As winter sets in within the Arctic Circle, the sea which flows between the northern coasts of Europe, Asia, and America becomes covered with ice to the shores, thus forming an enormous field of ice some two thousand miles across. This, lying on the surface of the water, often having a thickness of from thirty to fifty feet, checks, but cannot control the tides. The ebb, on one hand, leaves vast tracks of ice, previously afloat, straining on the ground, cracking so as to form enormous fissures and weakening the surface resistance. On the other hand, the flood tide is welling and pressing against the overlying barrier of ice and lifting it up until it cracks and opens, the pressure underneath lifting the separated masses on to their neighbours, which in turn resist with all their weight and grind back upon the masses beyond, until with the turn of the tide the forced-up masses gravitate down again, tumbling, crashing, bounding and rebounding one upon the other. Meanwhile the ice lowered by the ebb tide has formed a restricted crust against which the flood tide, backed up by the weight of the disturbed masses, uses its energy as a man uses his shoulder to lift a load. It is a battle between the resistance and the energy of nature, and usually energy wins along the line of the least resistance. Here, when once a point gives way, the accumulated energy concentrates. The "point" may be an area of ice a hundred miles square and fifty feet thick, and this tremendous mass, moved by the immeasurable force of the water pressure beneath it, grinds upon its surroundings and upon itself. Huge masses are pushed up on to the surface of the pack, crushing, grinding, and splintering as they go, their weight causing the under ice to bend and crack, and so add to the confusion of the struggle. Mass meets mass in a test of strength, and, failing to climb over one another, crush together, closer and higher, until there is a diminution of the pressure from below and they surge back, shattering themselves in the commotion and yet binding themselves into a single unit strong enough to resist the next onslaught of the tidal energy.
Along the shores, where the solid compactness of beetling cliffs holds back the sweep of the tide, the ice piles itself in mountainous ridges and chains.
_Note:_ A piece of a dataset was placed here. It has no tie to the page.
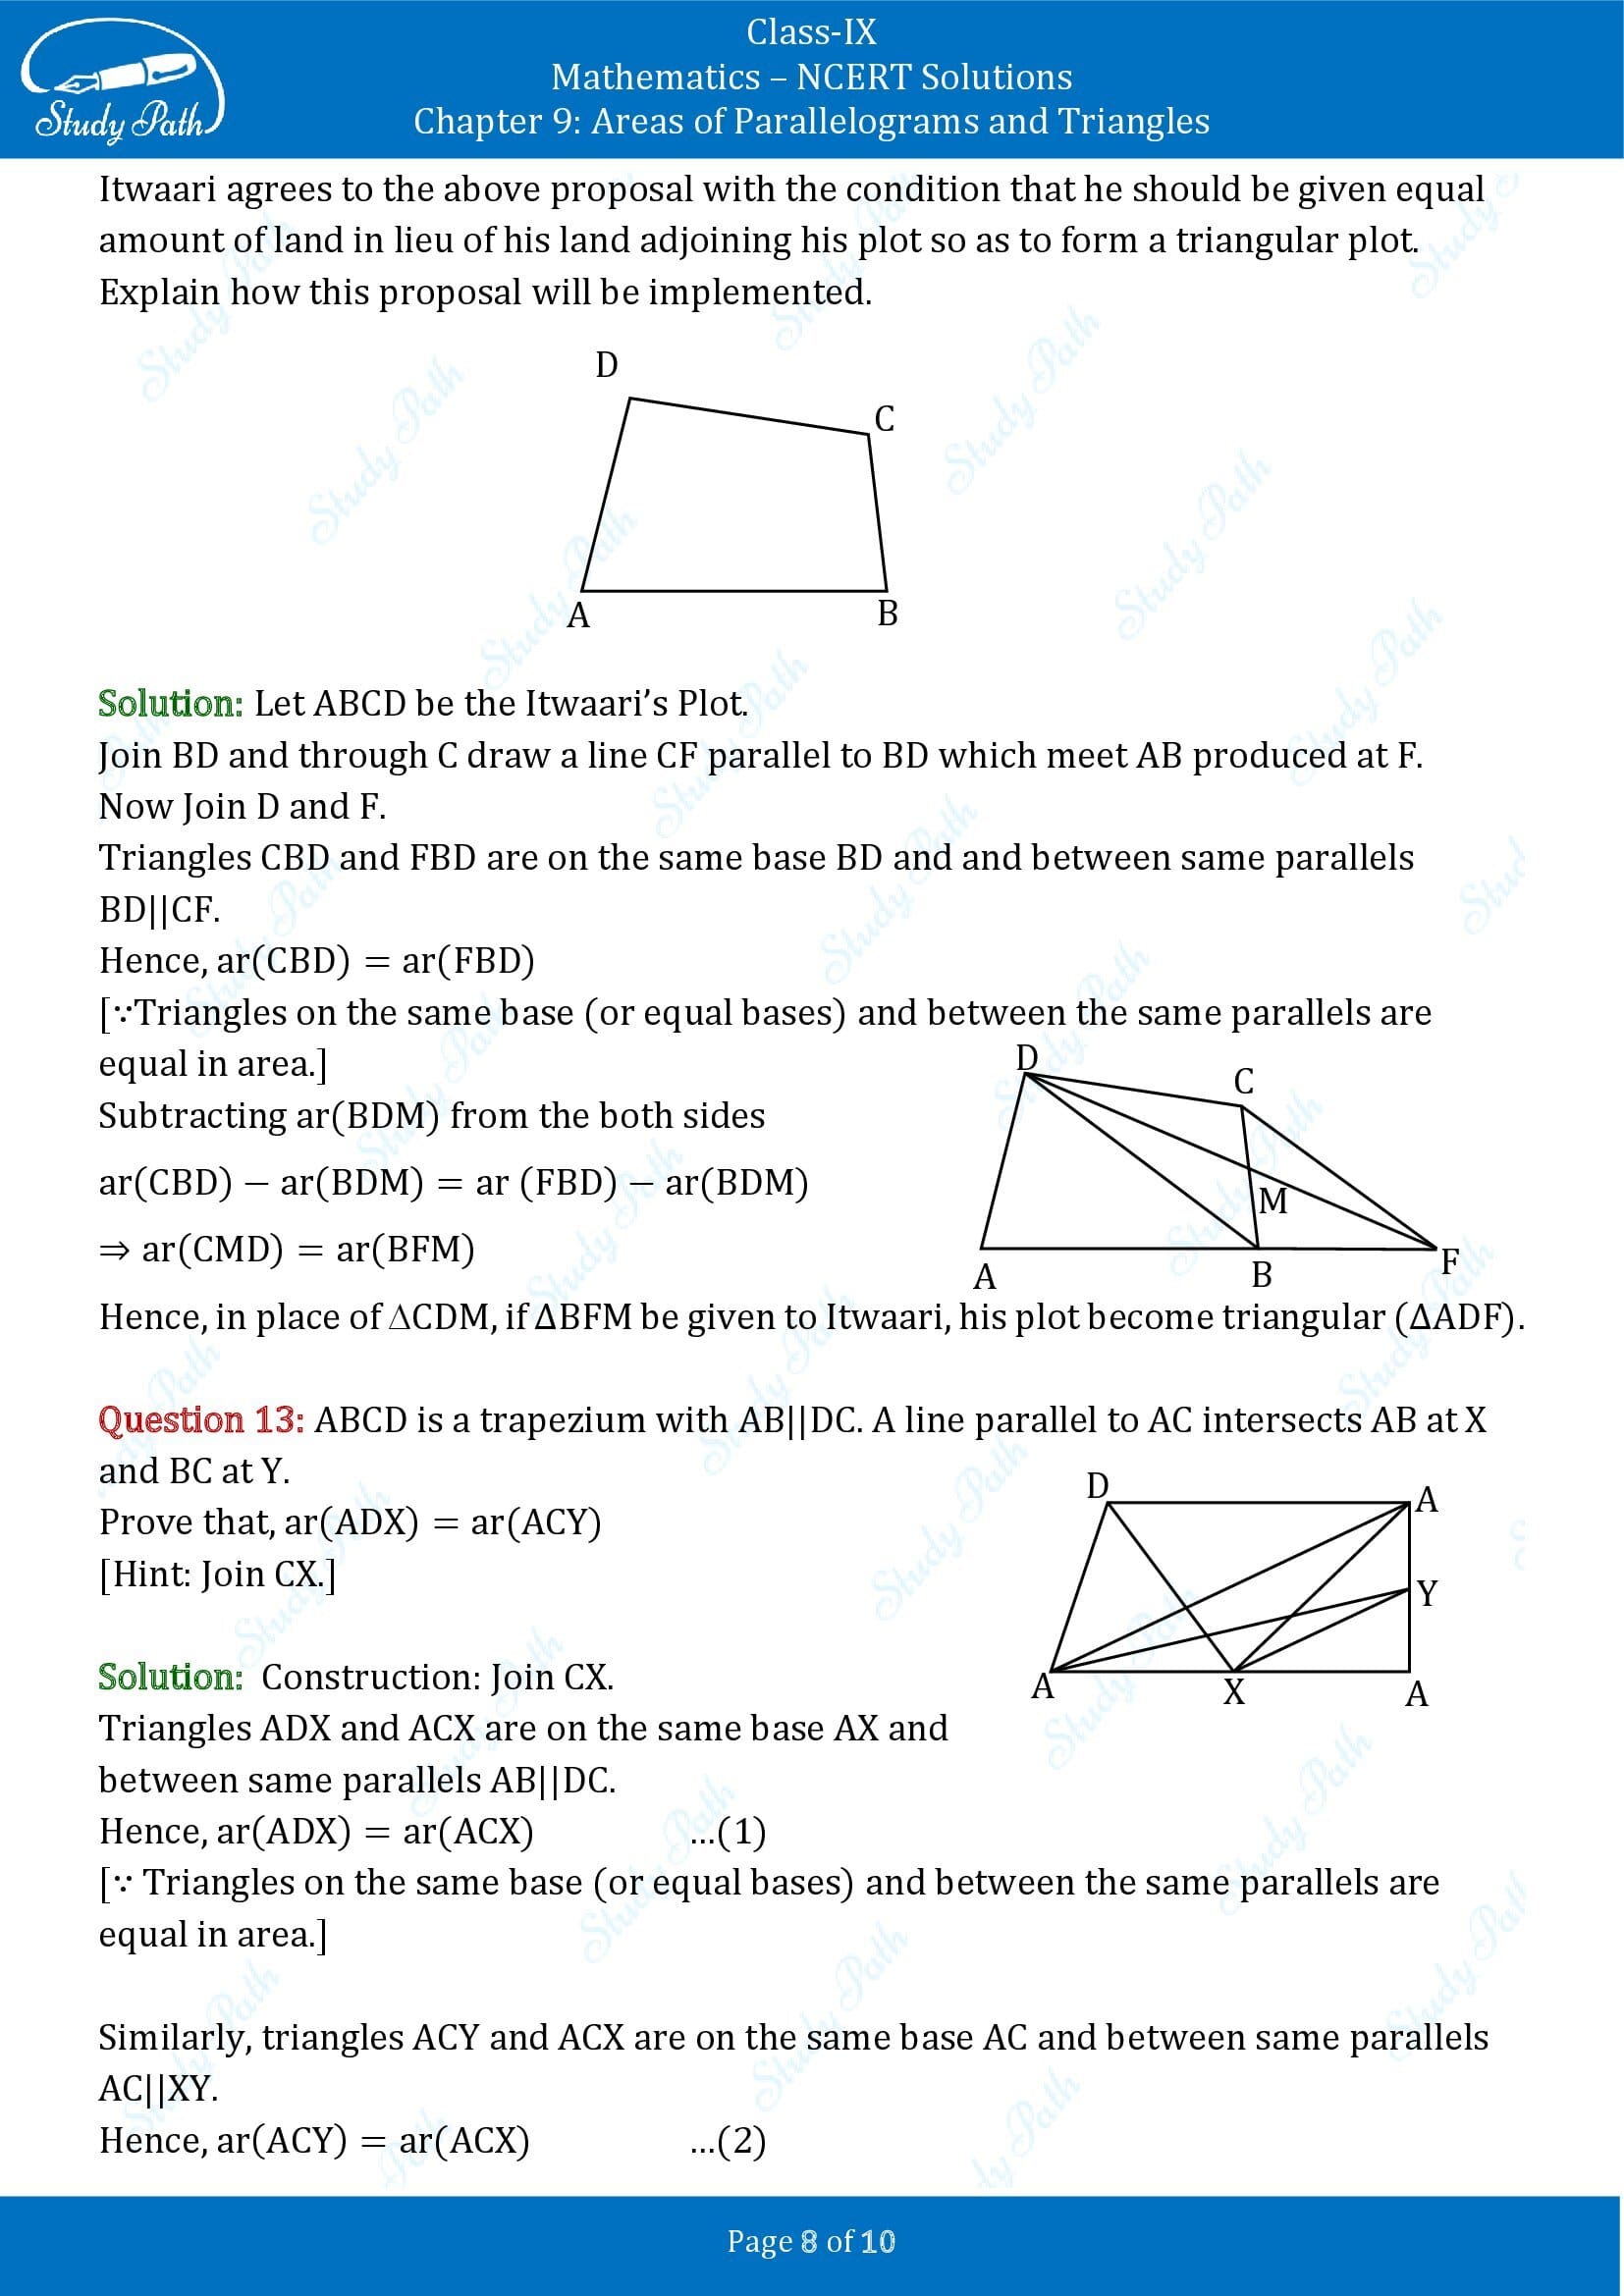 NCERT Solutions for Class 9 Maths Chapter 9 Areas of Parallelograms and Triangles Exercise 9.3 00008

Those of greater bulk, taking the ground, offer a resistance against which the lesser masses can only strain and grind; but away out in the unfathomable depths of the Polar Sea there is no chance of the ice ever grounding. It is always floating, and so always susceptible to the force of wind, tide, and current. Consequently it is always moving and feeling the pressure of the water below, of the grinding strain of the drift, and of the surface disturbances brought about by the constant displacement.